GeNIe allows its user to compute expected value of information (VOI), i.e., the expected value of observing the state of a node before making a decision.
Definition of VOI and the formula for calculating it can be found in any decision-analysis textbook. An up to date list of textbooks covering the field of decision analysis can be found on BayesFusion's web site. Plainly speaking, VOI for an uncertain node x is the expected difference in expected utility (EU) for the two situations: (a) the node x has been observed, and (b) the node x is unobserved. We calculate the expected EU (yes, this is a double "expected") because we do not know a-priori which state of the variable we will observe. There are two important properties of VOI that can be proven easily: (1) Expected EU for (a) can never be smaller than EU for (b). The intuition behind it is that it is always better to know than not to know when making a decision. (2) It is always better to gather the information earlier than later, especially in earlier means before making a decision. Vito Corleone's consigliere, Tom Hagen, a character in Francis Ford Coppola's interpretation of Mario Puzo's Godfather, expresses this property eloquently in a conversation with Mr. Jack Waltz: "Don Corleone is a man, who insists on hearing bad news immediately."
We will use the influence diagram created in the Building an influence diagram section. If you do not have it saved, you can find a copy in the Example Networks folder (it is named VentureID.xdsl).
You should have the following network loaded in Graph View:
Select the Value of Information option from the Network Menu:
GeNIe will display the Value of Information dialog box as shown below:
The left pane displays all chance and deterministic nodes in the model (our model contains only two of these).
The For decision node drop list displays the list of all decision nodes in the model. Because the model contains only one decision node, Investment decision, it is the choice. This drop list indicates the decision that will immediately succeed the observation.
The From point of view drop list displays the list of all decision nodes in the model. Because the model contains only one decision node, Investment decision, it is the choice. This drop list is used to select the node that is the reference point, i.e., from which point of view the value of information is being asked. This field is of importance only when there are more than one decision node and the decision to be made after observing the information is not the first decision to be made.
The Results pane displays the results of VOI calculation, once the Update button is clicked.
Suppose we want the value of information of the node Expert forecast. We proceed as follows:
1. Check the box next to Expert forecast in the left pane.
Because there is only one decision node, it is automatically selected in the For decision node and From point of view drop lists.
2. Click on the Update button to calculate VOI.
GeNIe will display the calculated value of information for the node Expert forecast, i.e., value of observing it before making the decision Investment decision, in the lower-right pane, as shown below:
The forecast of our expert is worth $320 to our investor. This is the difference between the expected value of the optimal decision given perfect information about the node Expert forecast and the expected value of the optimal decision given no information about the node Expert forecast. A positive value means that knowing the value of the node Expert forecast will improve the expected value of the decision. A zero value would mean that learning the value of the node Expert forecast before making the decision has no impact on the decision. It can be proven that VOI calculation always yields a non-negative value - the intuition behind this is that we are never worse off by obtaining more information (in other words, it never makes sense not to know something that we could know).
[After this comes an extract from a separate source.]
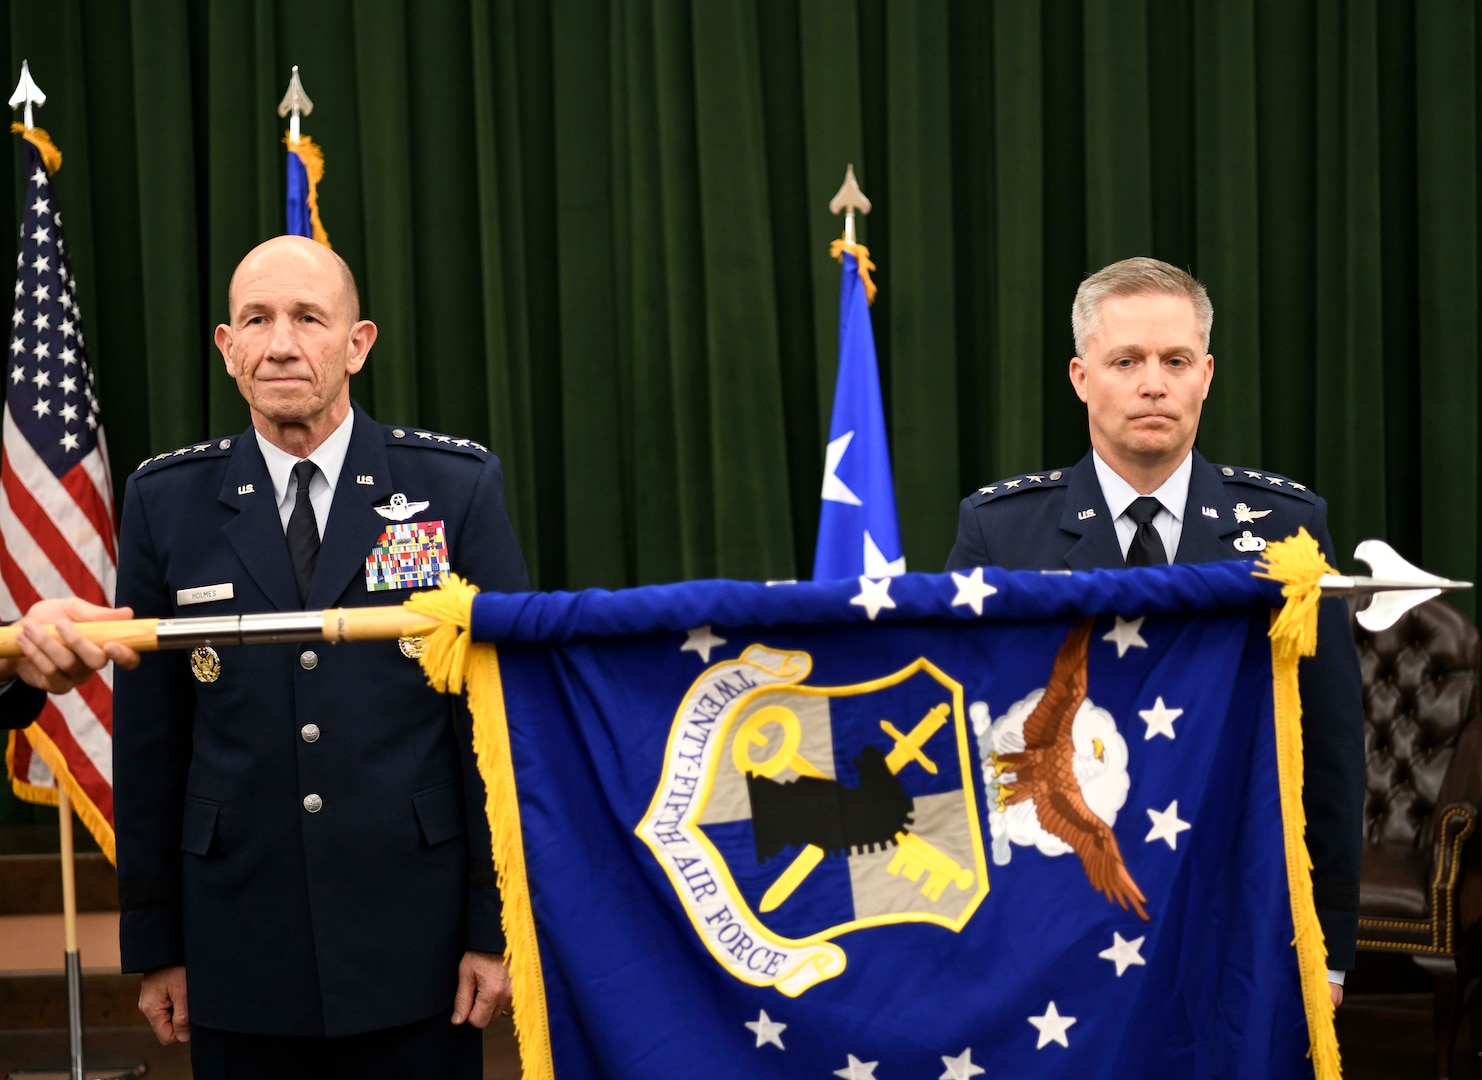 The Twenty-Fifth Air Force flag is furled to signify its inactivation, as Gen. Mike Holmes, Air Combat Command commander, and Lt. Gen. Timothy Haugh, Twenty-Fifth Air Force commander, look on during the Sixteenth Air Force assumption of command at Joint Base San Antonio-Lackland, Texas, Oct. 11, 2019. The Twenty-Fourth Air Force was also inactivated during the ceremony to integrate into the new information warfare numbered air force. Sixteenth Air Force is responsible for providing information warfare capabilities to combatant commanders with the speed to match today’s technological environment.

Let us now examine the decisions that the investor will face after she has heard the forecast. To do so, we need to add an arc between the node Expert forecast and the node Investment decision, obtaining the following diagram:
Please note that the arc between the nodes Expert forecast and Investment decision is dashed. Arcs entering decision nodes have a special meaning in influence diagrams - they are informational arcs and denote the fact that the decision maker will know the outcomes of the nodes at the tails of the informational arcs before she makes the decision.
Update the values using Update (
) button from Standard Toolbar. After updating the values we observe the following result in the Value tab of the node Investment decision:
Our investor should ask expert opinion if expert opinion costs less than $320 (please note that this was the calculated value of information for the node Expert forecast) and in case the forecast is Good, she should invest in the venture. If the forecast is Moderate or Poor, however, she should not invest, as safe investment in a bank yields a higher expected value.
The above procedure computes the expected value of perfect information (EVPI). In order to compute the expected value of imperfect information (EVII) for a node N, you need to specify the reliability of the source of information about N by an additional node M, a direct descendant of N and then compute the EVPI for M. This will be equal to the EVII for N. This is, in fact, precisely what is being done by nodes Success of the venture and Expert forecast. We would love to know the value of the node Success of the venture. However, this is unattainable and the only thing we can obtain is imperfect information through Expert forecast. Node Expert forecast is such an imperfect source of information about the node Success of the venture. This imperfection is characterized by the probability distribution conditional on node Success of the venture. Within an influence diagram, there is no distinction between the value of perfect and imperfect information. Value of information, as calculated in an influence diagram is always value of perfect information. It is the relationship between the observed variable and the variable that we are really interested in that make information perfect or imperfect.
Finally, we would like to caution our users against two common misconceptions of VOI that we have encountered in the past and that we responded to in our Forum. The first misconception relates to calculation of VOI for nodes that have deterministic marginal probability distributions in the sense of all but one of the probabilities being zeros. This happens, for example, in case of deterministic parent-less nodes (these are generally a bad modeling practice anyway) or in case of chance nodes that have been observed. VOI calculated for such nodes will be zero. The intuition behind this is that there is no uncertainty over such nodes and learning what we already know is essentially worthless from the point of view of decision making. The second misconception occurs when we ask for the value of information for a node that is a descendant of the decision node. Such a case is difficult to interpret theoretically and is essentially dismissed by GeNIe with a VOI equal to zero. On the one hand, the decision influences the marginal probability distribution over all of its descendants. On the other hand, when calculating the VOI over any of these nodes, these marginal will have to take part in the calculation. This is circular and, as we said above, difficult to interpret theoretically. A viable possibility in such a case is converting the influence diagram to so called canonical form, described in detail in a paper by Heckerman and Shachter (1995). In the canonical form, all descendants of the decision nodes are deterministic and all uncertainty resides in their ancestors. This modeling trick allows for asking VOI of these ancestors, which is typically the users' intention.